未だ、口蹄疫ウイルスとは、何かと言う疑問は、私には、残ったままですので。。(遺伝子関係の論文を読んでも、納得できないことばかりですので)

 
H.Nishiura&R.Omori氏英文論文 宮崎県口蹄疫 疫学的分析 http://goo.gl/0DmEP

Summary
An epidemic of foot-and-mouth disease occurred in Miyazaki, Japan, beginning in late March 2010. Here, we document the descriptive epidemiological features and investigate the between-farm transmission dynamics. As of 10 July 2010, a total of 292 infected premises have been confirmed with a cumulative incidence for cattle and pig herds of 8.5% and 36.4%, respectively, for the whole of Miyazaki prefecture. Pig herds were more likely to be infected than cattle herds (odds ratio = 4.3 [95% confidence interval (CI): 3.2, 5.7]). Modelling analysis suggested that the relative susceptibility of a cattle herd is 4.2 times greater than a typical pig herd (95% CI: 3.9, 4.5), while the relative infectiousness of a pig herd is estimated to be 8.0 times higher than a cattle herd (95% CI: 5.0, 13.6). The epidemic peak occurred around mid-May, after which the incidence started to decline and the effective reproduction numbers from late May were mostly less than unity, although a vaccination programme in late May could have masked symptoms in infected animals. The infected premises were geographically confined to limited areas in Miyazaki, but sporadic long-distance transmissions were seen within the prefecture. Given that multiple outbreaks in Far East Asian countries have occurred since early 2010, continued monitoring and surveillance is deemed essential.

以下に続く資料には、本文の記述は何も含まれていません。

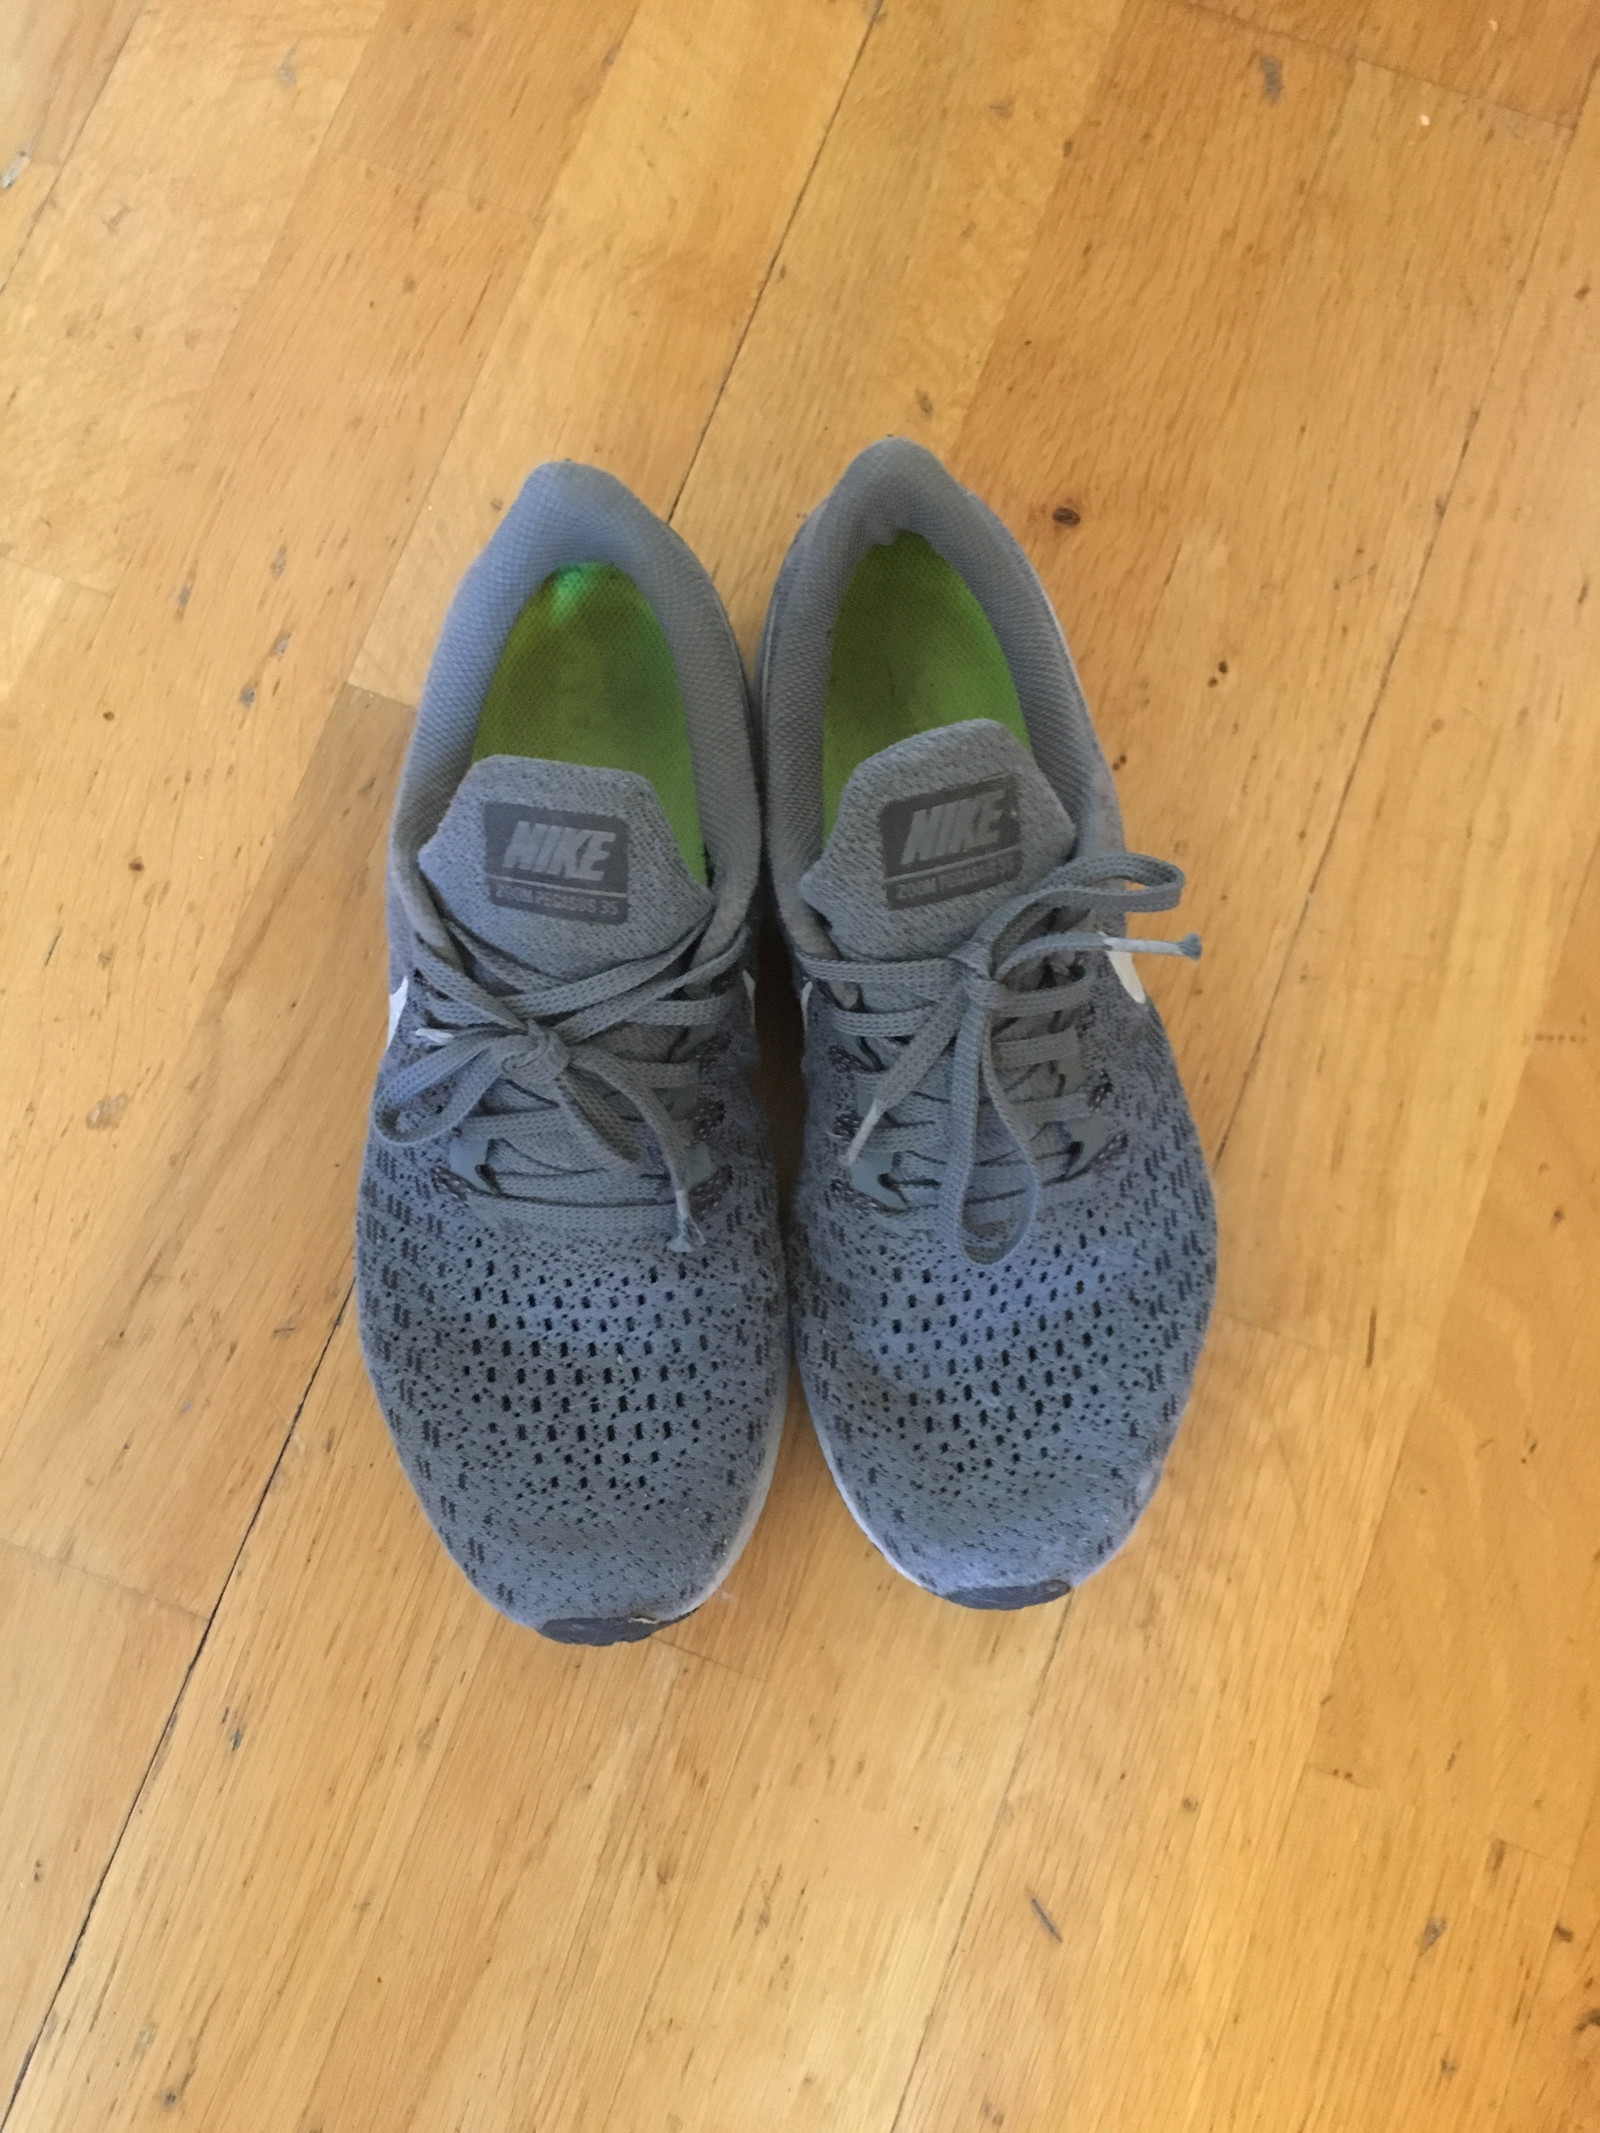 Brukte Nike sko selges | FINN.no
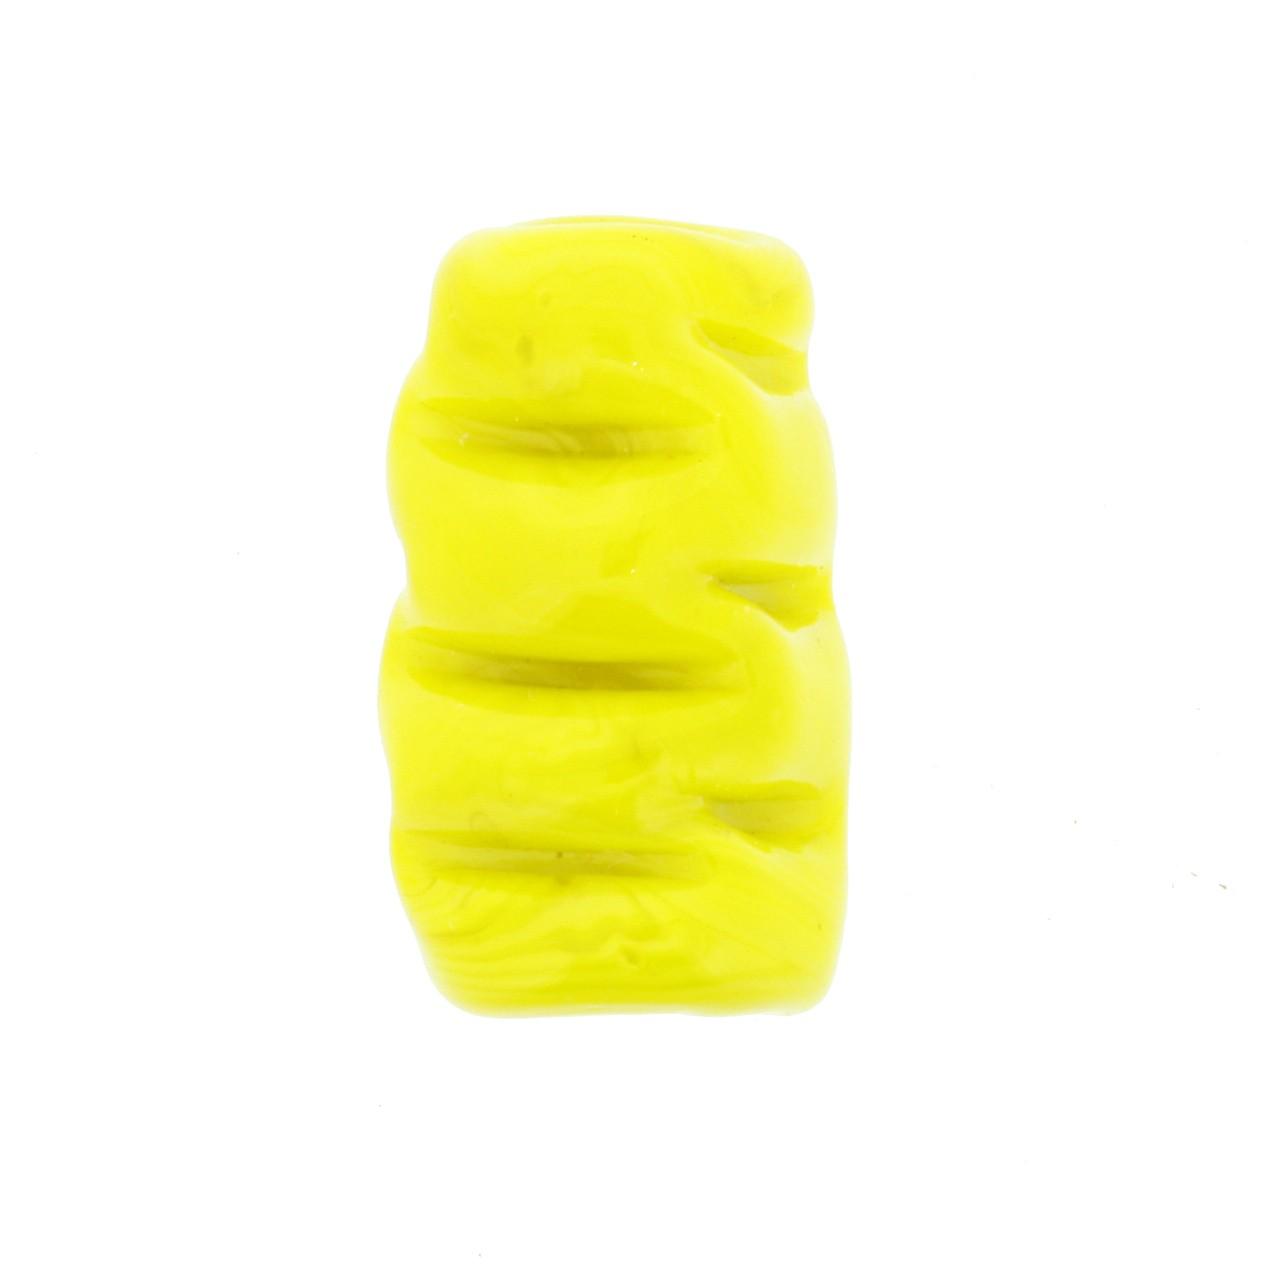 Firma de Vidro Frisada - Amarela  - Universo Religioso® - Artigos de Umbanda e Candomblé

突然のコメント失礼します。獣医師で現在イギリスでコンタンさんが書かれた上記のような事を勉強している者です。
韓国の口蹄疫の情報を調べているうちにこちらに辿り着きました。
私自身まだまだ勉強途中の身ですし決して失礼な意味でなく、R0の概念だけでなく西浦先生や稲葉先生の著書まで参考にされこのような記事を書いていらっしゃる事にとてもびっくりしました。殺処分の先駆けであるイギリスでも現行の政策に対する疑問意識が強くなってきている事を感じます。近いうちにワクチン接種に対する科学的な評価が始まり、実際に口蹄疫対策の見直しが為されると思います。大変参考にさせて頂きありがとうございました。これからも情報発信どうぞよろしくお願いします。

 
専門家のコメントありがとうございます。

韓国の事態は、あらゆる関係者の予測を裏切って、とめどない蔓延状態に向かっています。

韓国のワクチン接種と、その後の接種牛の取り扱いは、Vaccination-to-live を主張されたきた
人にとっても、反対する人にとっても、壮大な実験場になりそうですね。

安易な予測などは簡単に吹き飛ばしてしまうのが、感染症の恐ろしさなのでしょう。

今後ともよろしくおねがいします。